Amidst the daily noise of DDoS attacks, exactly where they come from has at times seemed almost irrelevant. Who launches them and why is rarely explicitly stated - they are just a fact of life.
Lewis’s intervention suggests that the pattern of the anti-bank campaign has elevated these mysterious events into the political arena, at least behind closed doors.
“They are high volume and also very complicated,” says Scott Hammack, CEO of DDoS mitigation firm, Prolexic. As is customary for his industry he is reluctant to discuss where the attacks might originate but is willing to admit that “the US Government is in a good position to know who is doing it.”
Two weeks ago his firm saw a 75Gbps DDoS attack unfolding with a couple of 45Gbps events since then, both at the very large end of the traffic spectrum.
In 2011, Prolexic had seen perhaps one or two attacks of this size for the whole year; attacks peaking at 80Gbps were now a weekly occurrence.
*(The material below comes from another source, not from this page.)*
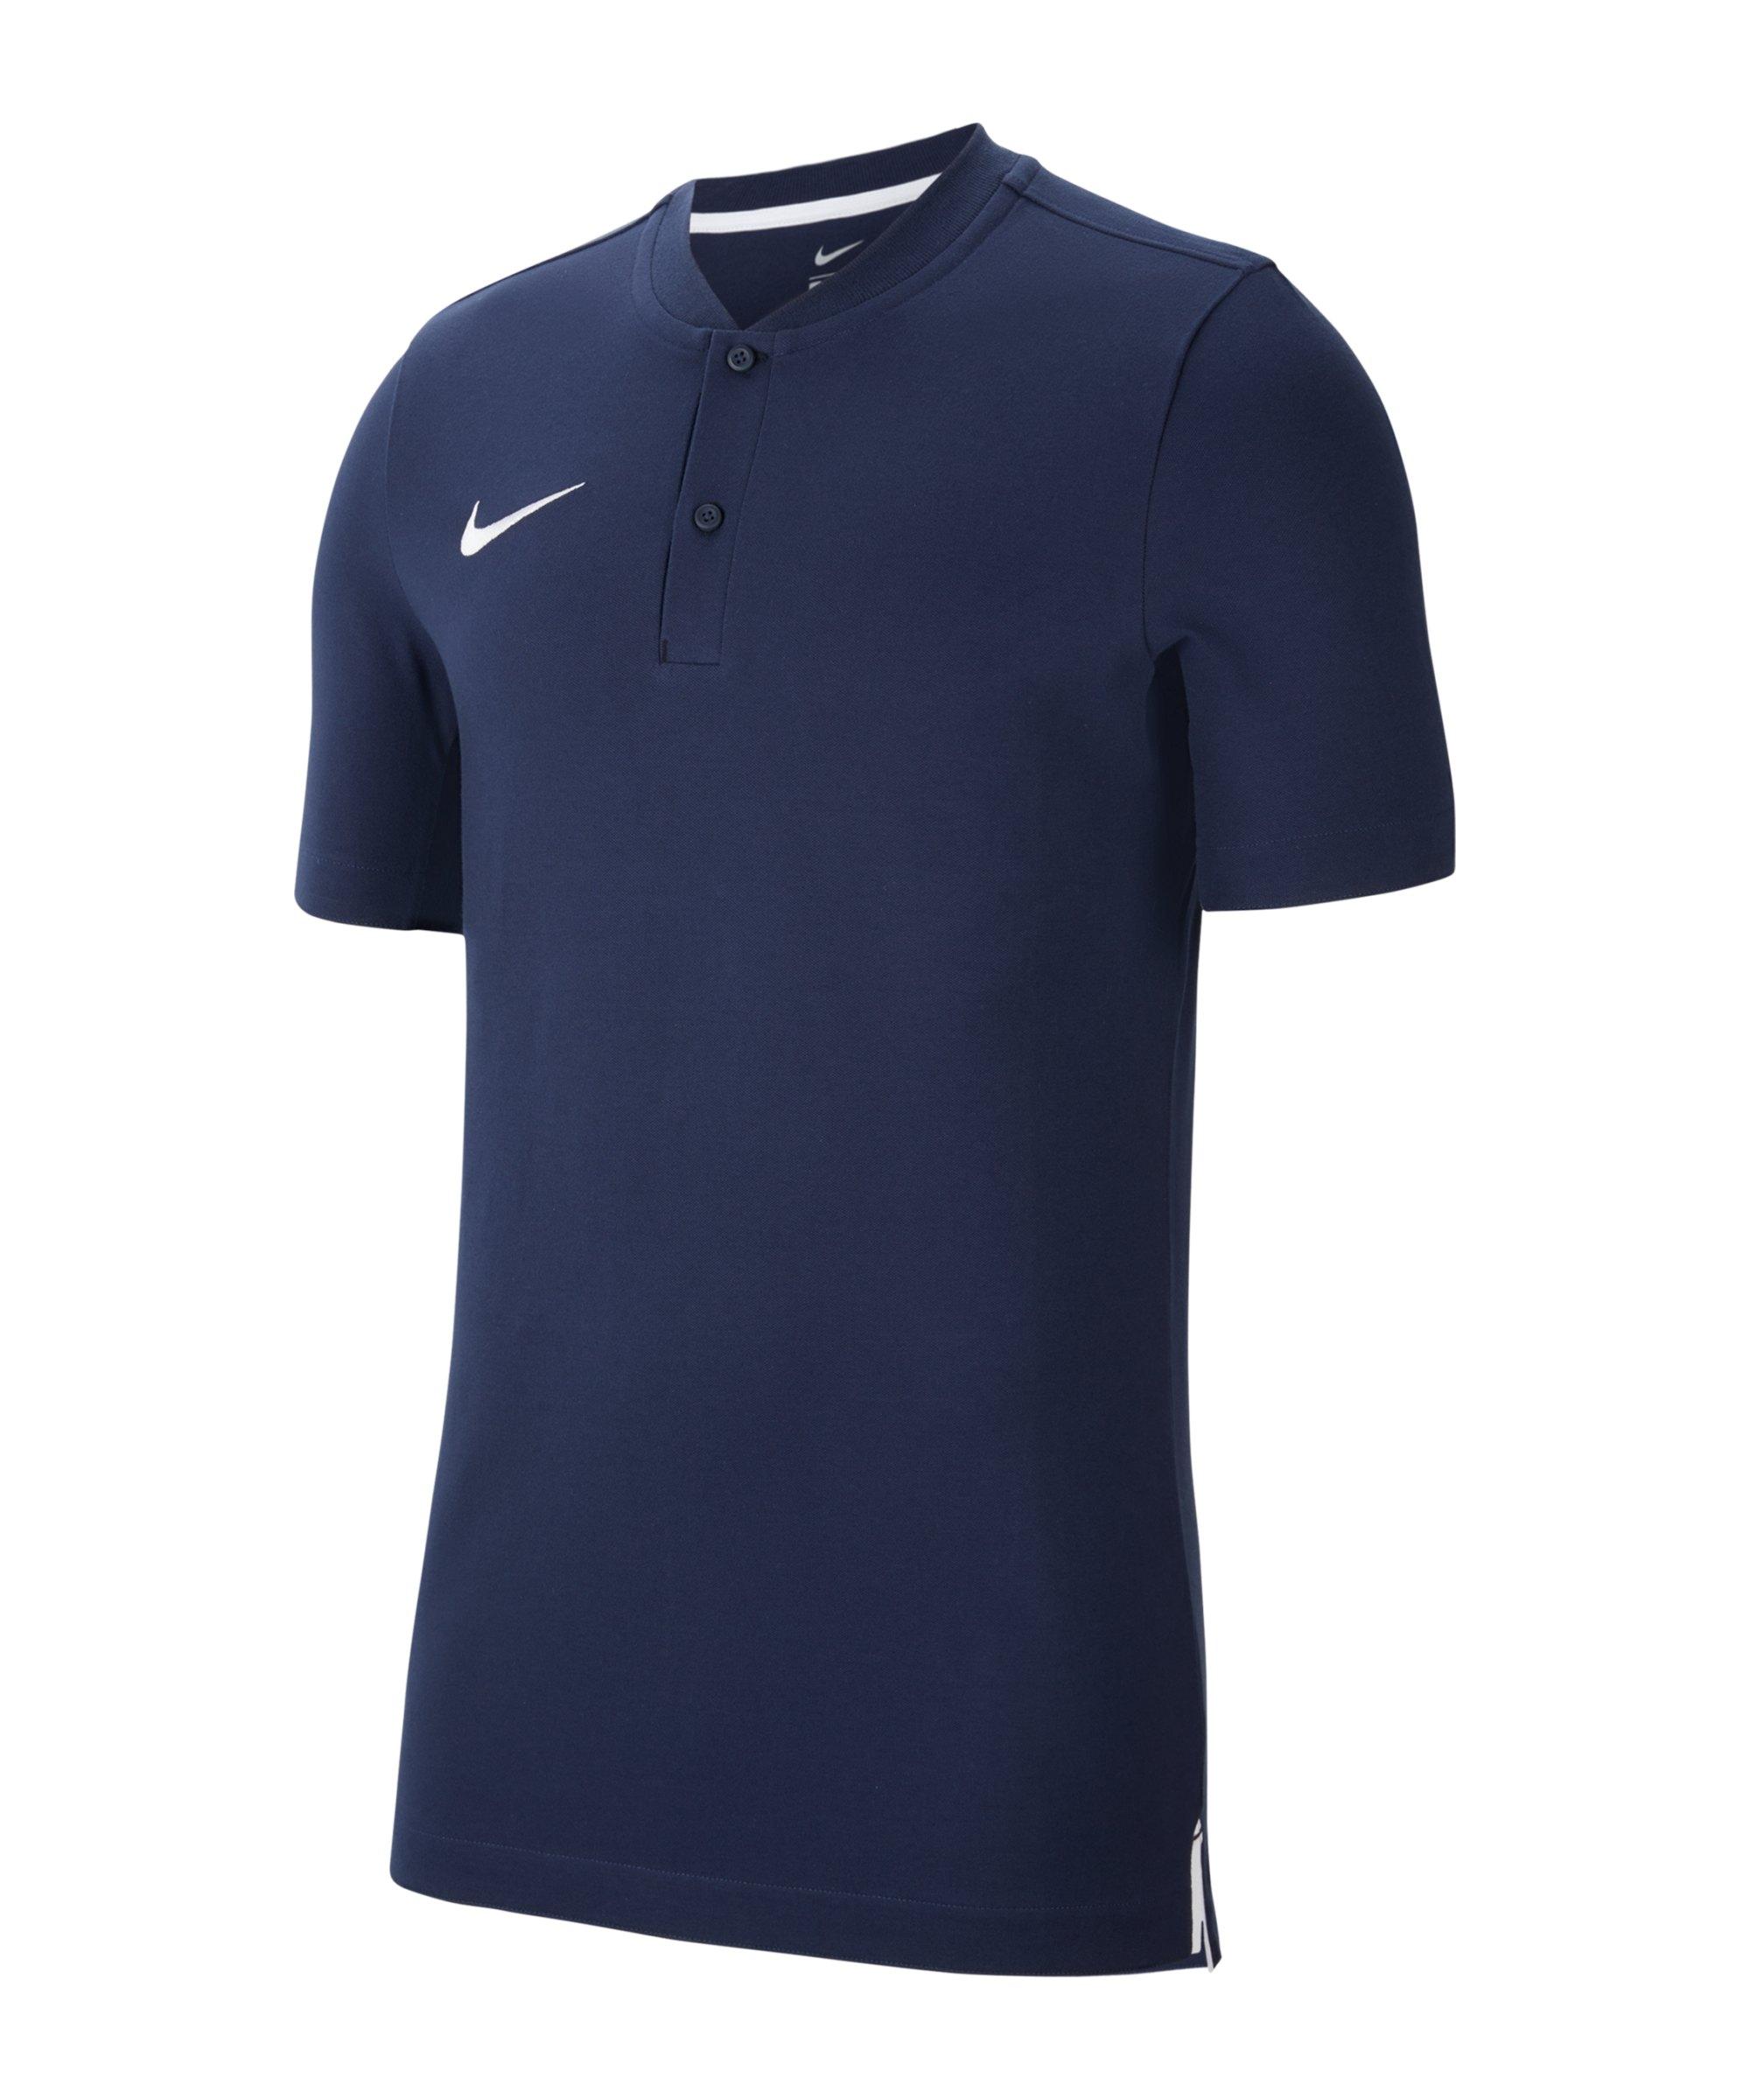 Nike Strike Poloshirt Blau Weiss F451 - blau

“The frequency, size and complexity has ramped up to the extent you could call it a cyberwar,” he says. “It is definitely a dangerous precedent. It is bad right now but will get worse,” he predicts.
A distinctive feature of the recent attacks was that they used a ‘push’ DDoS model based on real-time, manual control rather than a static command and control network. That also made them harder to disrupt.
Why would Iran or any other country attack another using DDoS? It would be easier to say why it wouldn’t. If the US wields complex targeted software with deadly purpose, smaller nations can level the field by attacking its infrastructure with a weapon accessible enough that even small groups have successfully used it. Such is the simple allure of DDoS.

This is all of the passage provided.